Complicating matters though can our definition of love. We don’t often see love as an action like Paul and Scripture do. Our love can be conditional, or based on what we can get in return. It is easier to love those who are nice to and who serve us, than it is easier to those who don’t. A self-sacrificial love can also produce fears and concerns for us too. One of the scariest things about showing love to others is that it can go unappreciated, unnoticed, and can be misused. So what if these acts of love go unappreciated, or unnoticed? So what if no one ever knows these precious acts? God knows and sees these acts. They are not unnoticed, but are precious and valuable in His sight. Acts like these care for others and their needs. It puts others first. These acts of love show the mercy and love of Jesus, and are motivated by them. They point us to Him.

As Paul talks about self-sacrificial love, we cannot help but be pointed to Christ’s self-sacrificial love for us. Jesus once said: “Greater love has no one than this, that someone lay down His life for His friends.” Jesus loved us so much that He willingly gave up and laid down His life for us, so that we could have His. He did what it took to save us. We only love because He first loved us. This self-sacrificial love that Paul talks about is produced in us through the Holy Spirit. When we share this kind of love with others, it points them to the greatest act done for them, Jesus’ death and resurrection.

After encouraging us to have a self-sacrificial love, Paul moves on to encourage us to overcome evil with good. There are times when we want to return their evil towards us with evil towards them. Paul encourages us not to do so. He encourages us to repay those deeds and acts with good. He encourages us to wait for God to act and give vengeance. He writes: “Beloved, never avenge yourselves, but leave it to the wrath of God, for it is written, ‘Vengeance is mine, I will repay, says the Lord.’” The vengeance business is not a space that we are to set up shop in.
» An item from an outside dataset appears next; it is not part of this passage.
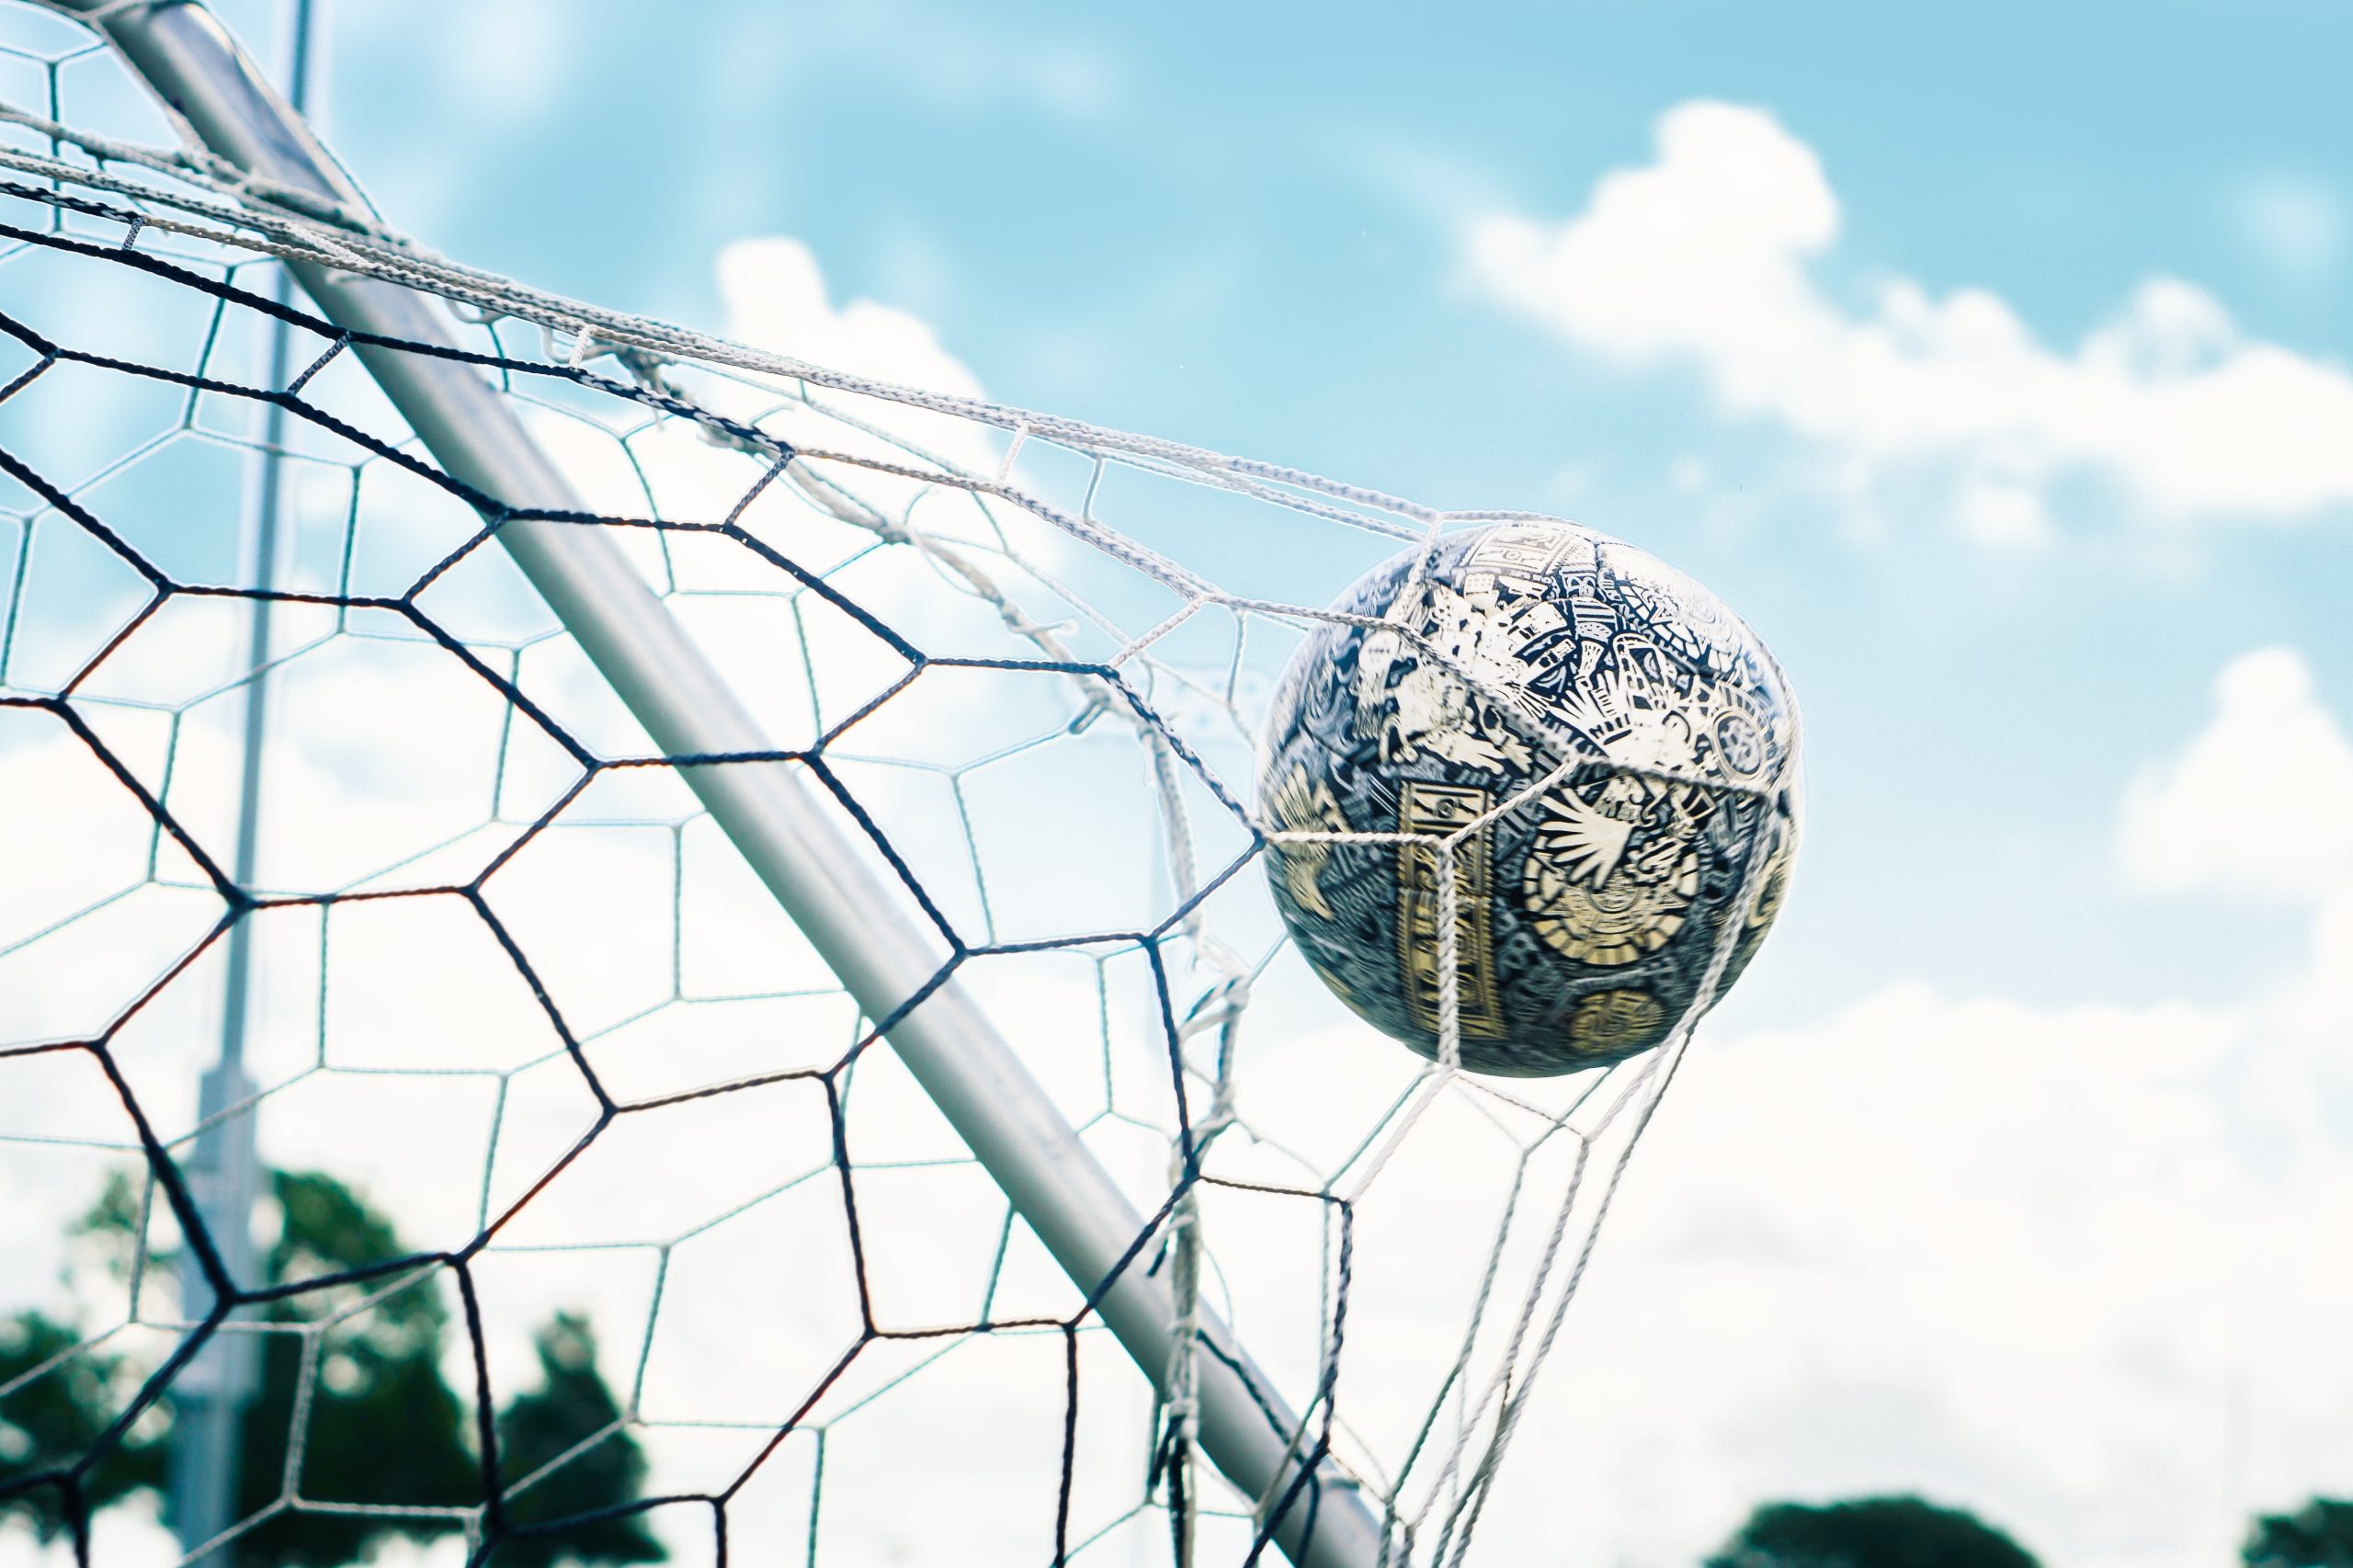 Soccer ball in the net

We leave it in God’s hands. What do we do when we encounter and endure evil? We overcome it with good.

In this section, Paul encourages us to show goodness and mercy by praying for, blessing, feeding, clothing, and providing for the needs of those who have wronged us. It seems to be the wrong, or opposite thing to do, but it has a purpose. These acts might drive these people towards faith and repentance. The mercy that we show them might lead them to the greater mercy that is found in Jesus.
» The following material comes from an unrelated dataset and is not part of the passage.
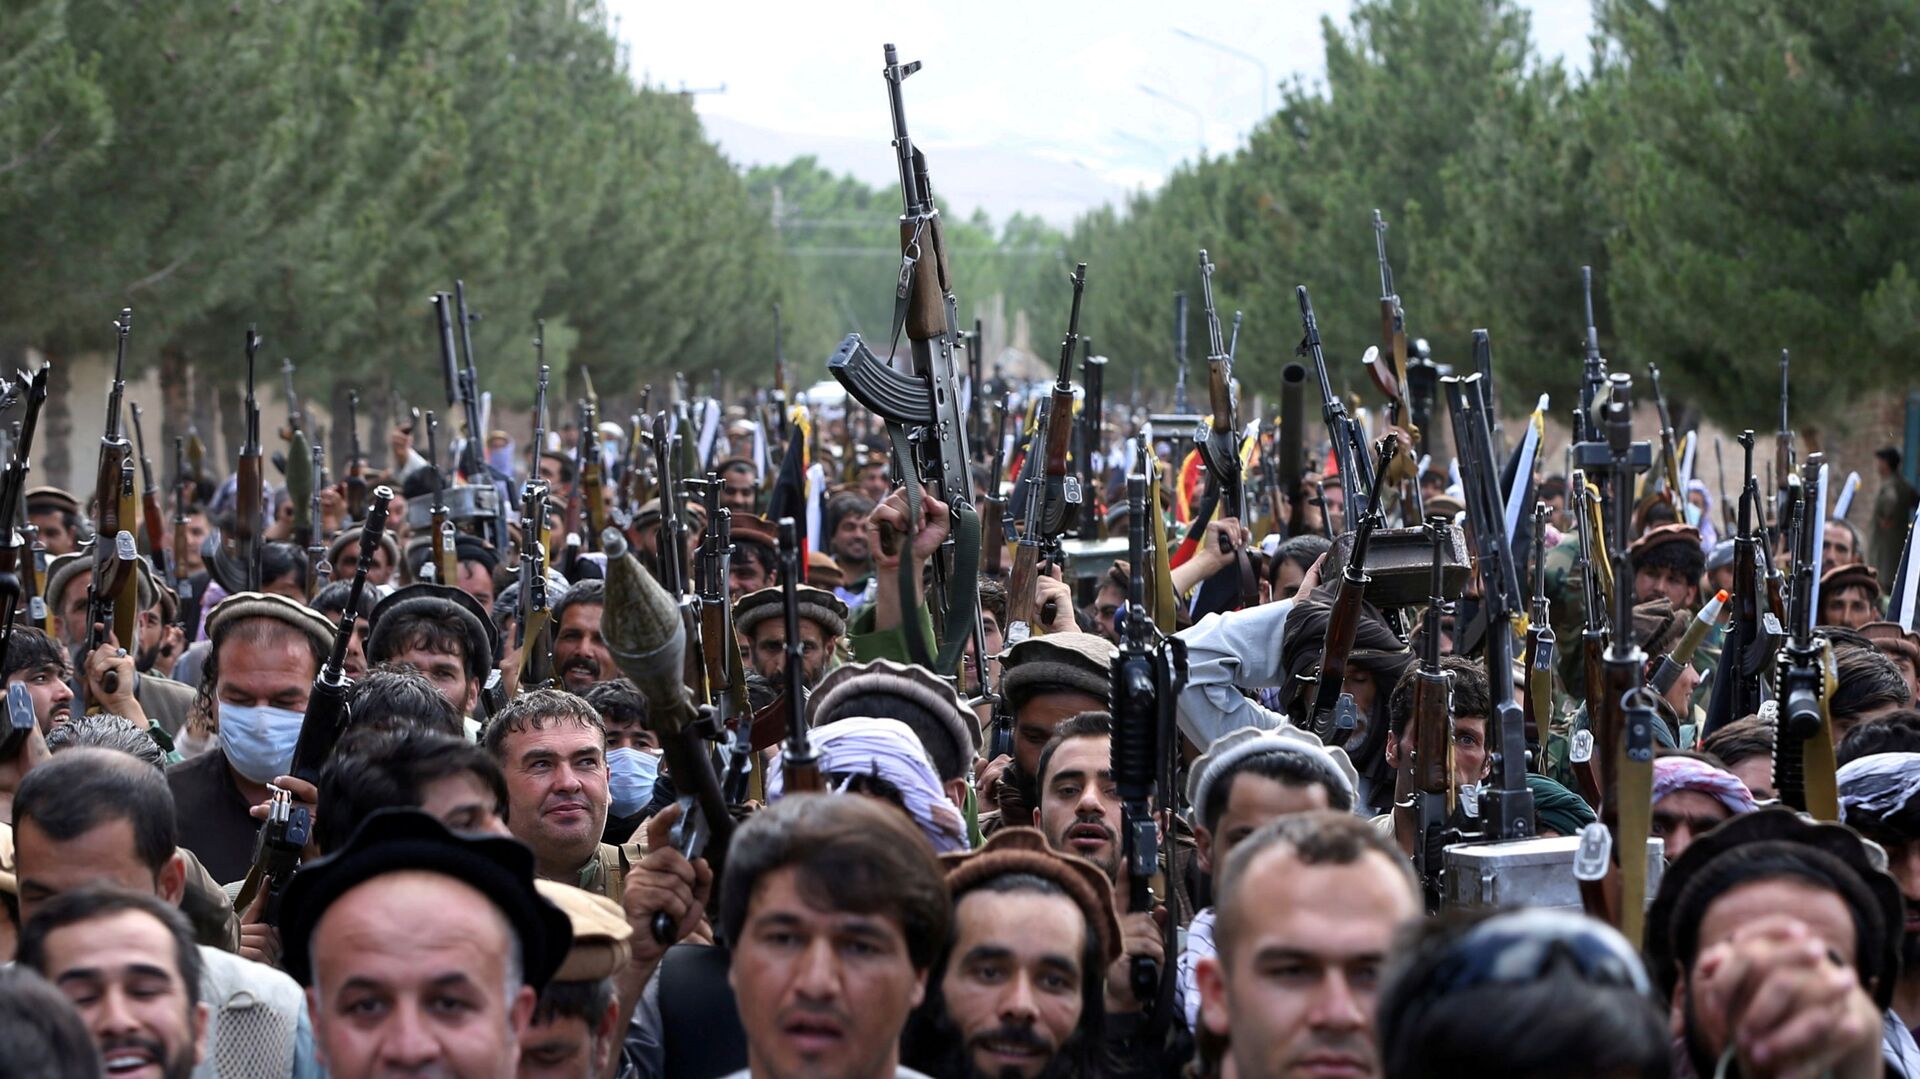 Сотни вооруженных людей на окраине Кабула, Афганистан, 23 июня 2021 года. - Sputnik Азербайджан, 1920, 25.06.2021

David is a great example of this. King Saul tried to kill David numerous times. David would repeatedly refrain from showing Saul evil. Showing the mercy that Saul didn’t deserve. David waited for God to avenge him, even though that took years. David overcame evil with good.

That is what our God does. He overcomes evil with good. On the cross, where our Savior was nailed and His blood poured out, God overcame many things. He overcame our sin, the violations and wrongs done to Him, through Jesus’ perfect life and sacrifice. He repays our sin with mercy and forgiveness, not with wrath and condemnation. He overcame death with, ironically, the death of His Son.

Through what Satan thought to be his greatest hour, killing God’s Son, came His greatest defeat with Jesus’ resurrection. We will see His victory fully at the Last Day when His enemies will be defeated, and sickness, pain, and sadness will be overcome. Our God overcomes evil with good, He overcame it through Jesus’ death and resurrection.

Paul’s list of encouragements can be overwhelming for us, but it points us to Christ and His overwhelming grace and love for us. IN JESUS’ NAME, AMEN.